(i)

$F\left(s\right)=\dfrac{s\left(s+3\right)\left(s+5\right)}{\left(s+1\right)\left(s+4\right)} $

$F(s)=\dfrac{s\left[s^2+8s+15\right]}{s^2+5s+4}=\dfrac{s^3+8s^2+15s}{s^2+5s+4}=\dfrac{N\left(s\right)}{D\left(s\right)} $

$poles\ :s=-1,\ s=-4 $

$zeros\ :s=0\ \ s=-3,\ s=-5 $

Therefore all poles & zeros  lie on the left half of s-plane as shown :-

-No poles on the jw axis

$-\ Even\ part\ of\ numerator\ of\ F\left(s\right)=m_1=8s^2 $

$Odd\ part\ of\ numerator\ of\ F\left(s\right)=n_1=s^3+15s $

$Even\ part\ of\ denominator\ of\ F\left(s\right)=m_2\left(s\right)=s^2+4 $

$Odd\ part\ of\ denominator\ of\ F\left(s\right)=n_2\left(s\right)=5s $

$\begin{align*} A\left({\omega{}}^2\right)&=\ \ m_1m_2-n_1n_2\ \vert{}\ s=j\omega{} \\ &=8s^2\left(s^2+4\right)-\left(s^3+15s\right)5s\vert{}\ s=j\omega{} \\ &=3s^4-43s^2\vert{}s=j\omega{} \\ &=3{\omega{}}^4+43{\omega{}}^2 \end{align*}$

$\therefore{}A\left({\omega{}}^2\right)\geq{}0\ for\ all\ \omega{}\geq{}0 $

$-\ \ F\left(s\right)\ is\ real\ for\ s\ real\ $

As all condition are satisfied, F(s) is a positive real function.

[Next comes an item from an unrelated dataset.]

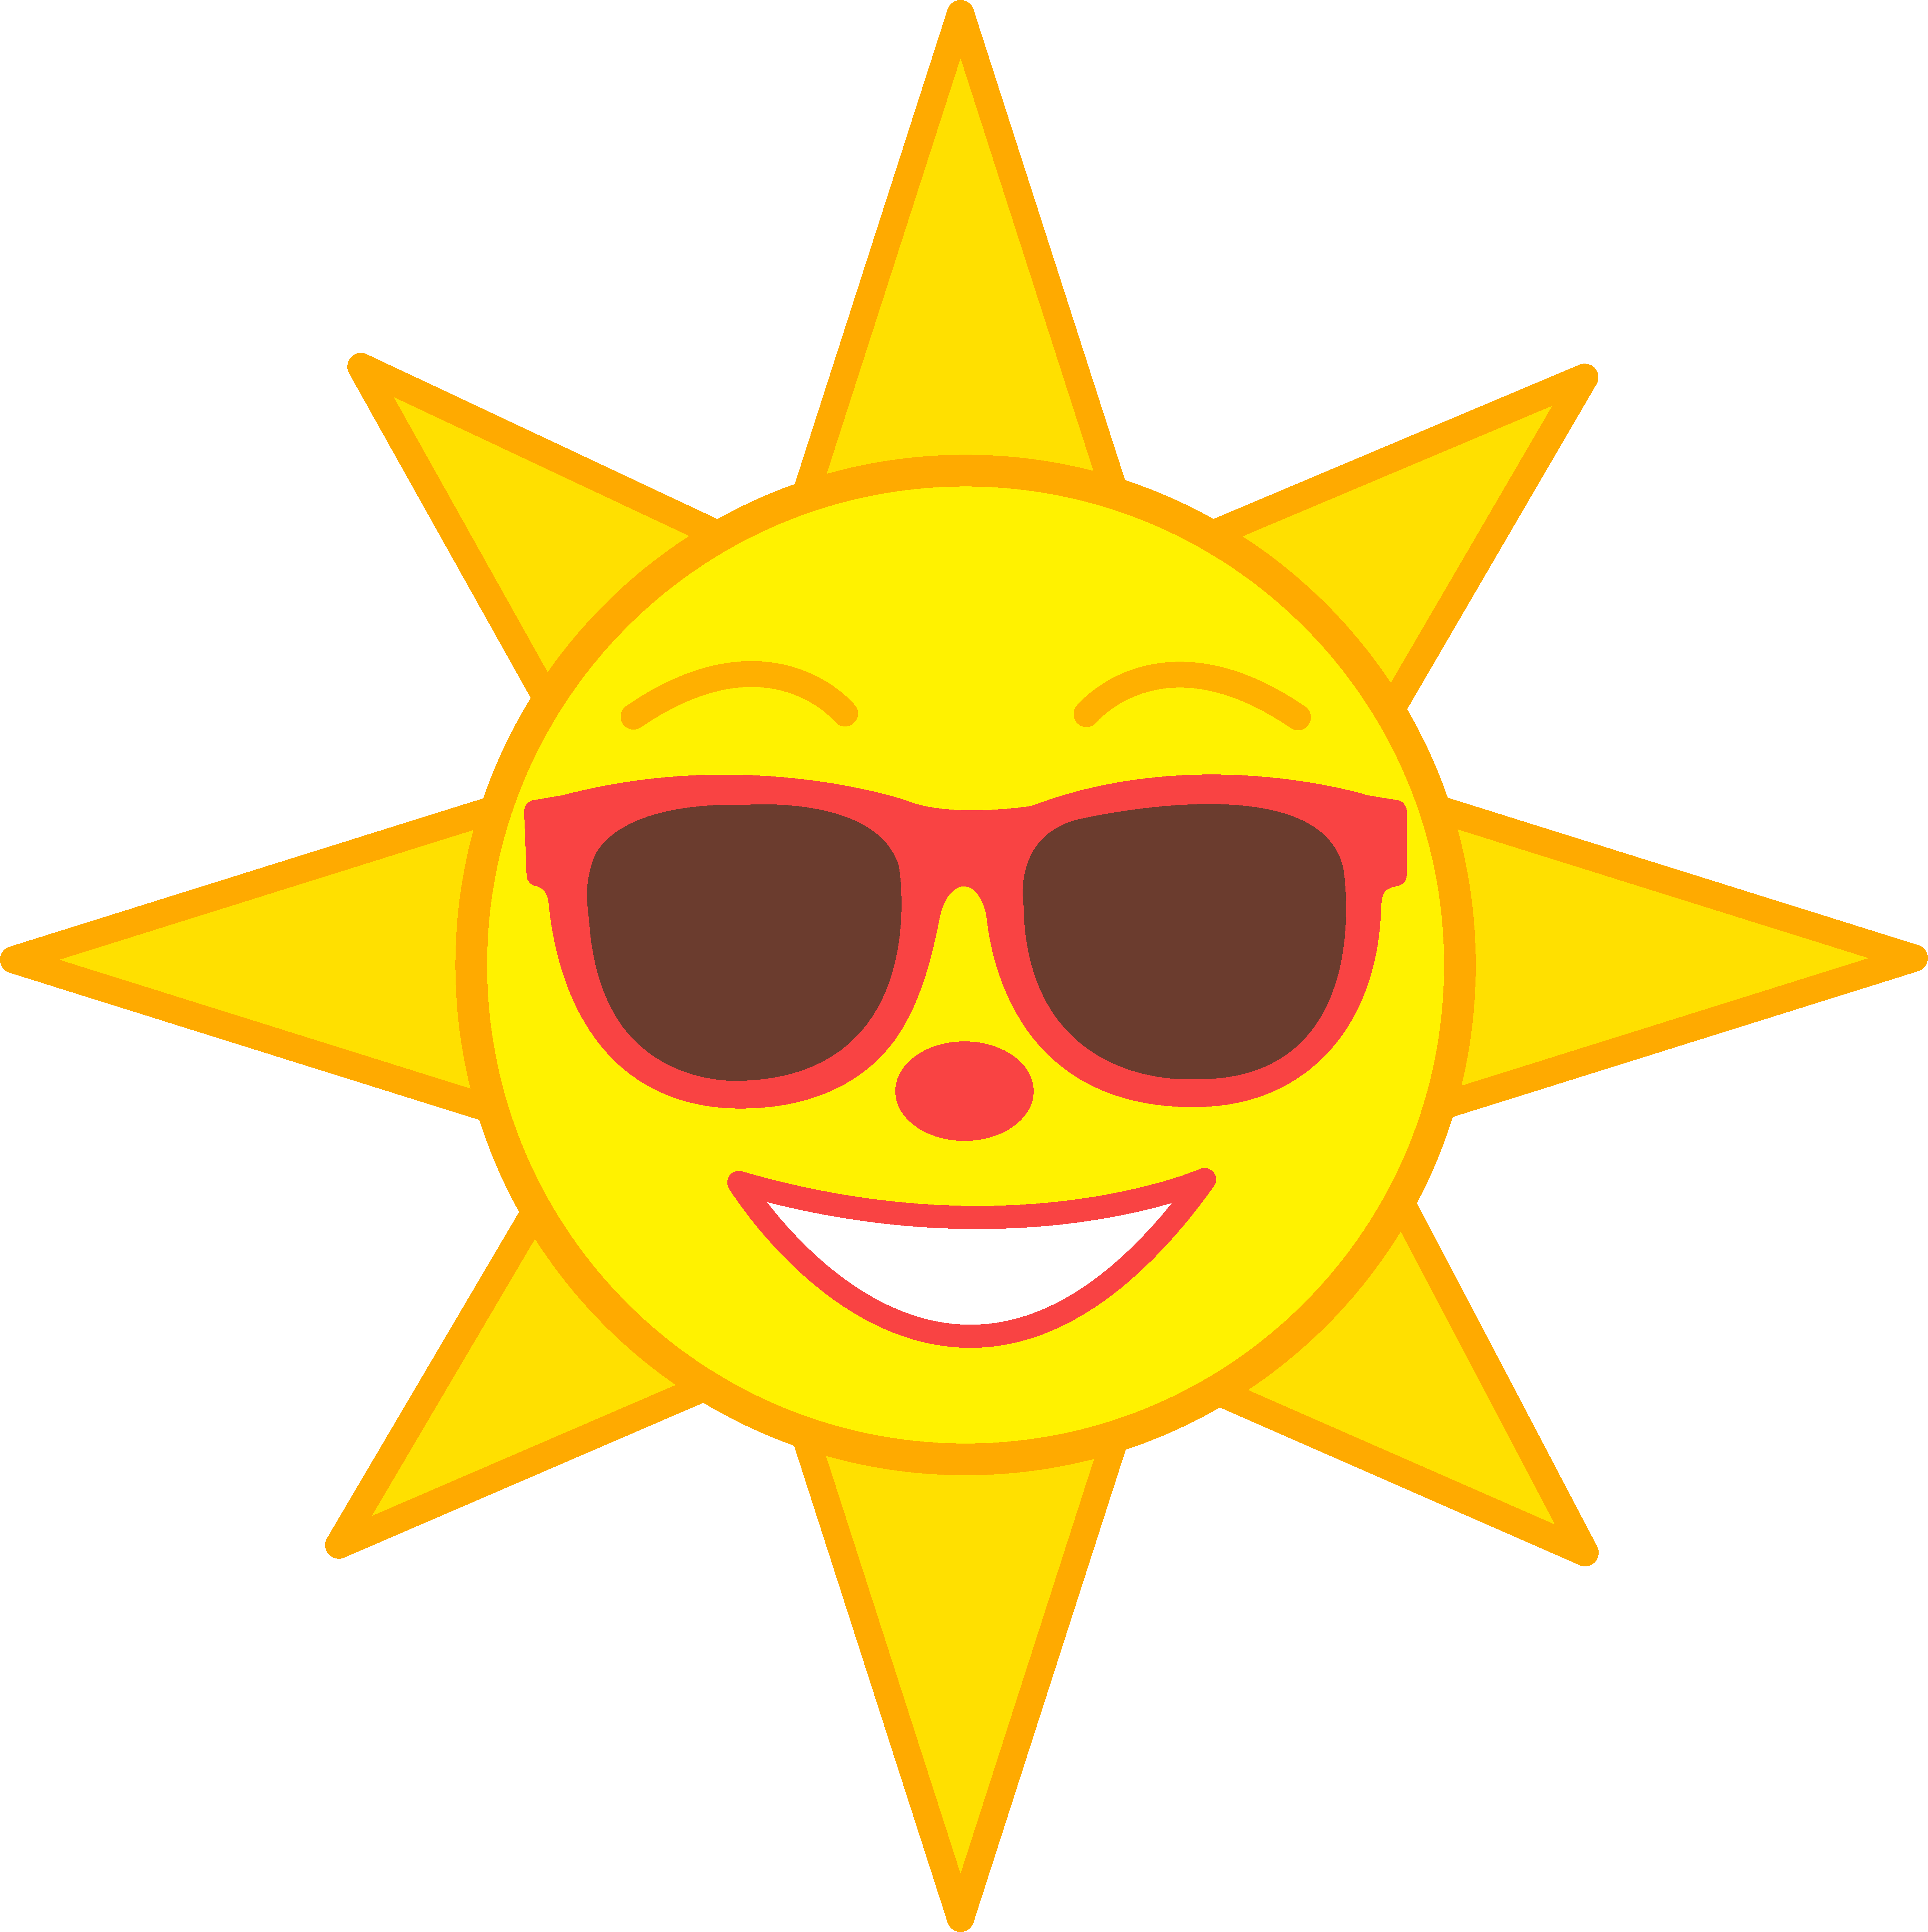 Free Sun With Sunglasses Clipart, Download Free Clip Art
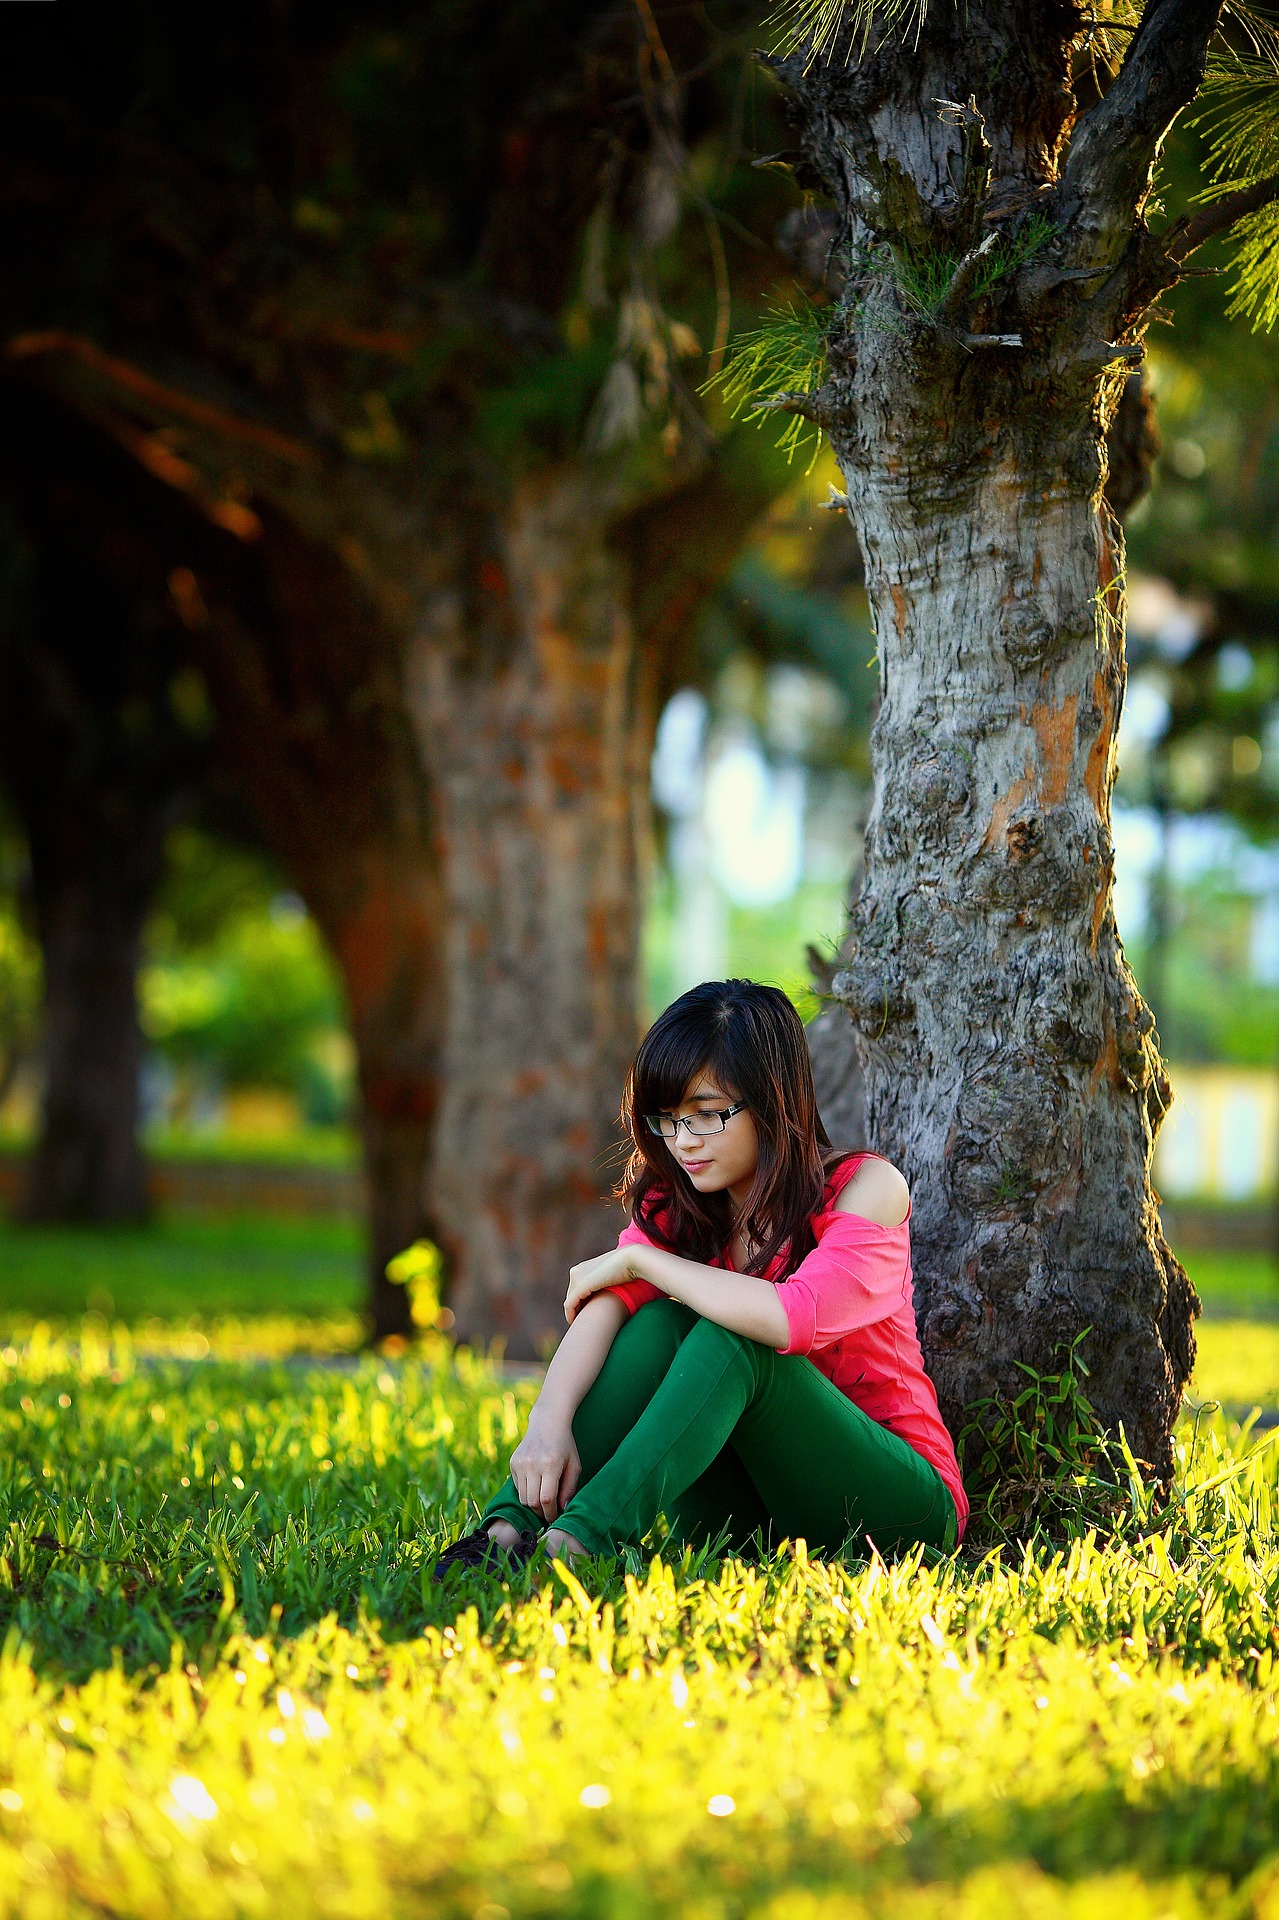 Girl on the grass photo

(ii) $F\left(s\right)=\dfrac{2s^2+2s+4}{\left(s+1\right)\left(s^2+2\right)}=\dfrac{2s^2+2s+4}{\left(s+1\right)(s+j\sqrt{2)}\ (s-j\sqrt{2)}}$

$Let\ N\left(s\right)=2s^2+2s+4 $

Performing Hurwitz test

$even\ part\ of\ N\left(s\right)=2s^2+4 $

$odd\ part\ of\ N\left(s\right)=2s $

As all equation terms are positive N(s) is Hurwitz

This all zeros lie on the left half of the s-plane

$poles\ \ s=-1,\pm{}j\sqrt{2}\ this\ ,all\ poles\ lie\ on\ the\ left\ half\ of\ the\ s-plane\ $

$F\left(s\right)=\dfrac{\dfrac{4}{3}}{s+1}+\dfrac{\dfrac{1}{1-j\sqrt{2}}}{s+j\sqrt{2}}+\dfrac{\dfrac{1}{1+j\sqrt{2}}}{s-j\sqrt{2}} $

As the residue corresponding to poles on the jw axis are not purely led F(s) is not a positive real function.